Dans un communiqué de presse, le FSC du Royaume Uni a récemment affirmé que le label FSC apposé sur le bois et les produits en bois donne au public une "certitude que le bois utilisé provient de forêts aménagées suivant les standards les plus élevés du point de vue environnemental, social et économique", et que "celui qui achète des produits certifiés par le FSC contribue à garantir un avenir plus rassurant pour les forêts de la terre et pour les peuples et les animaux qui en dépendent".

Cependant, un nouveau rapport qui sera publié en novembre par la Rainforest Foundation, avant l'Assemblée générale du FSC, montre que de telles déclarations ne supportent par l'analyse et que le FSC est en train de fourvoyer le public au sujet de la fiabilité de ses procédés de certification. Le rapport est fondé sur 18 mois de recherches, et comprend des études de cas détaillées de certifications FSC "problématiques" et de "processus FSC" nationaux au Brésil, au Canada, en Indonésie, en Irlande, en Malaisie et en Thaïlande (voir l'article de Chris Lang dans ce bulletin).

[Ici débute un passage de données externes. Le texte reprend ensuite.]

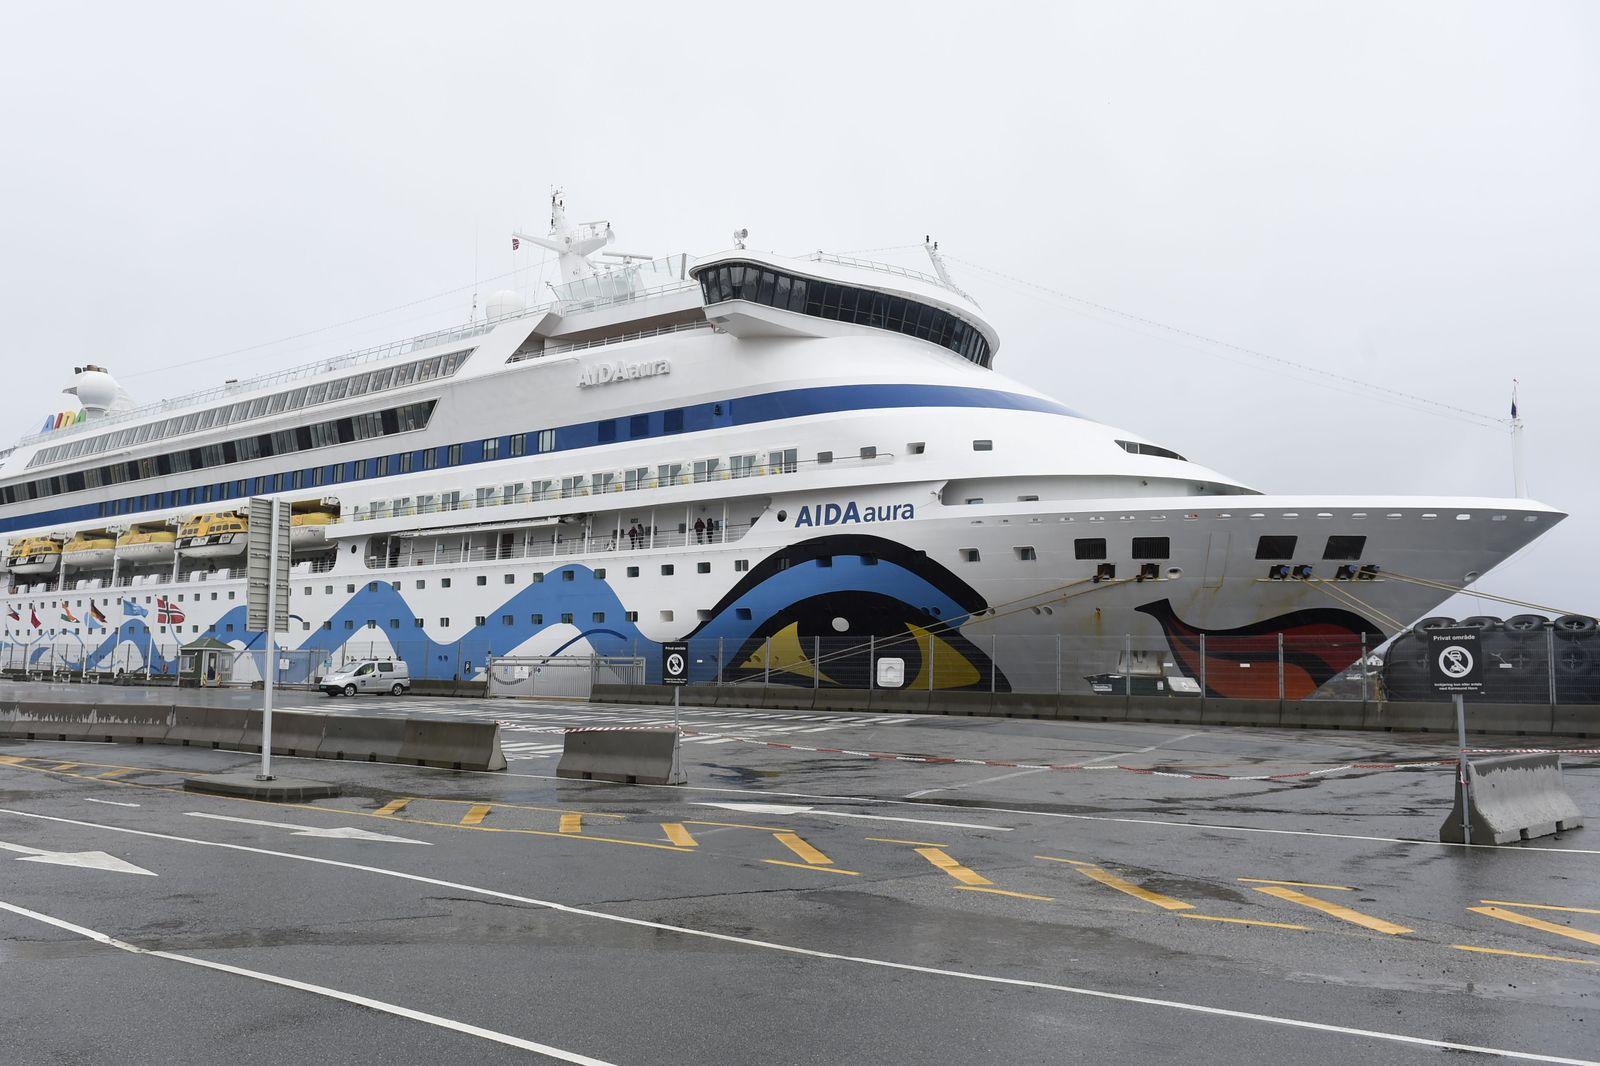 The German cruise ship Aida Aura in Haugesund, Norway - 03 Mar 2020
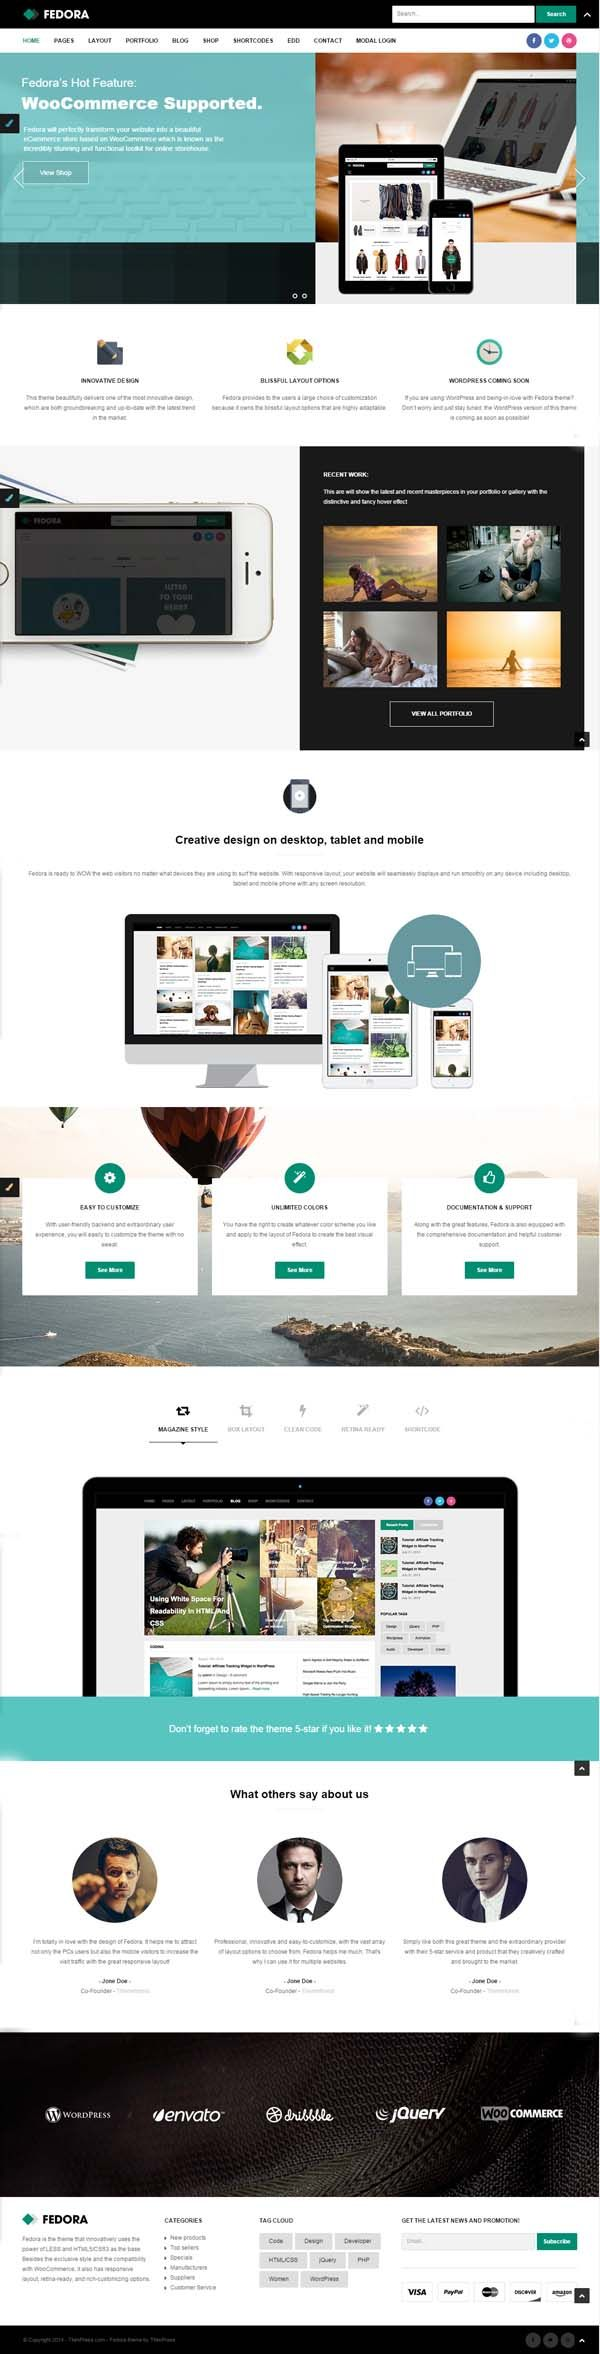 The 53 best Flat Design Website Templates images on Pinterest | Flat ...

Les Principes et les Critères (P&C) du FSC pour l'évaluation et la certification des opérations forestières ont été largement appuyés par des ONGs du monde entier (bien qu'il y ait de sérieuses réserves sur le Principe 10 à propos des plantations, ce qui est analysé ailleurs dans ce même bulletin). Cependant, de nombreuses évidences montrent que beaucoup de certifications FSC ont été délivrées à des compagnies forestières qui transgressent gravement les P&C du FSC.

La Rainforest Foundation croit qu'une des raisons sous-jacentes en est que les vérificateurs accrédités du FSC ont beaucoup d'intérêt à assurer des résultats positifs à leurs évaluations, sans trop regarder si la compagnie forestière respecte ou non les P&C du FSC. La concurrence entre les organismes vérificateurs est féroce sur le marché pour la vente de leurs "services" de certification à des clients (les entreprises forestières, par exemple) qui convoitent les "opportunités de marketing" que représente le logo FSC. Ceci a conduit à une "course à la baisse" des standards et de la rigueur avec laquelle les compagnies forestières sont vraiment évaluées. Le rapport de la Rainforest Foundation présente des exemples documentés de compagnies certifiées qui ont été impliquées dans des abus sérieux des droits humains, qui exploitent des forêts tropicales vierges où se trouve la plupart des espèces animales menacées du monde, et qui ont déclaré à faux qu'elles satisfaisaient les exigences de la certification FSC.

Le secrétariat du FSC, qui est responsable de la surveillance et de la sanction des vérificateurs, ainsi que du respect des P&C, n'a pas pu ou n'a pas voulu prendre des mesures effectives pour arrêter ces abus. Les communautés locales, les peuples indigènes et les ONGs ont souvent été mal informés ou non consultés à propos des certifications, et se sont trouvés confrontés à une tâche irréalisable consistant à attaquer les décisions de certification après que les certificats ont été décernés.

Dans certains pays, le "processus FSC" a contribué à rassembler diverses "parties prenantes", et a produit des normes de certification nationales qui satisfont tous les intérêts. En revanche, dans d'autres cas les groupes environnementaux et sociaux -souvent représentés par des ONGs- ont été mis à l'écart et ce sont les intérêts de l'industrie forestière qui ont dominé. Les standards de certification nationaux du FSC ont été, dans certains cas, encore plus bas que ce qu'exige la législation du pays.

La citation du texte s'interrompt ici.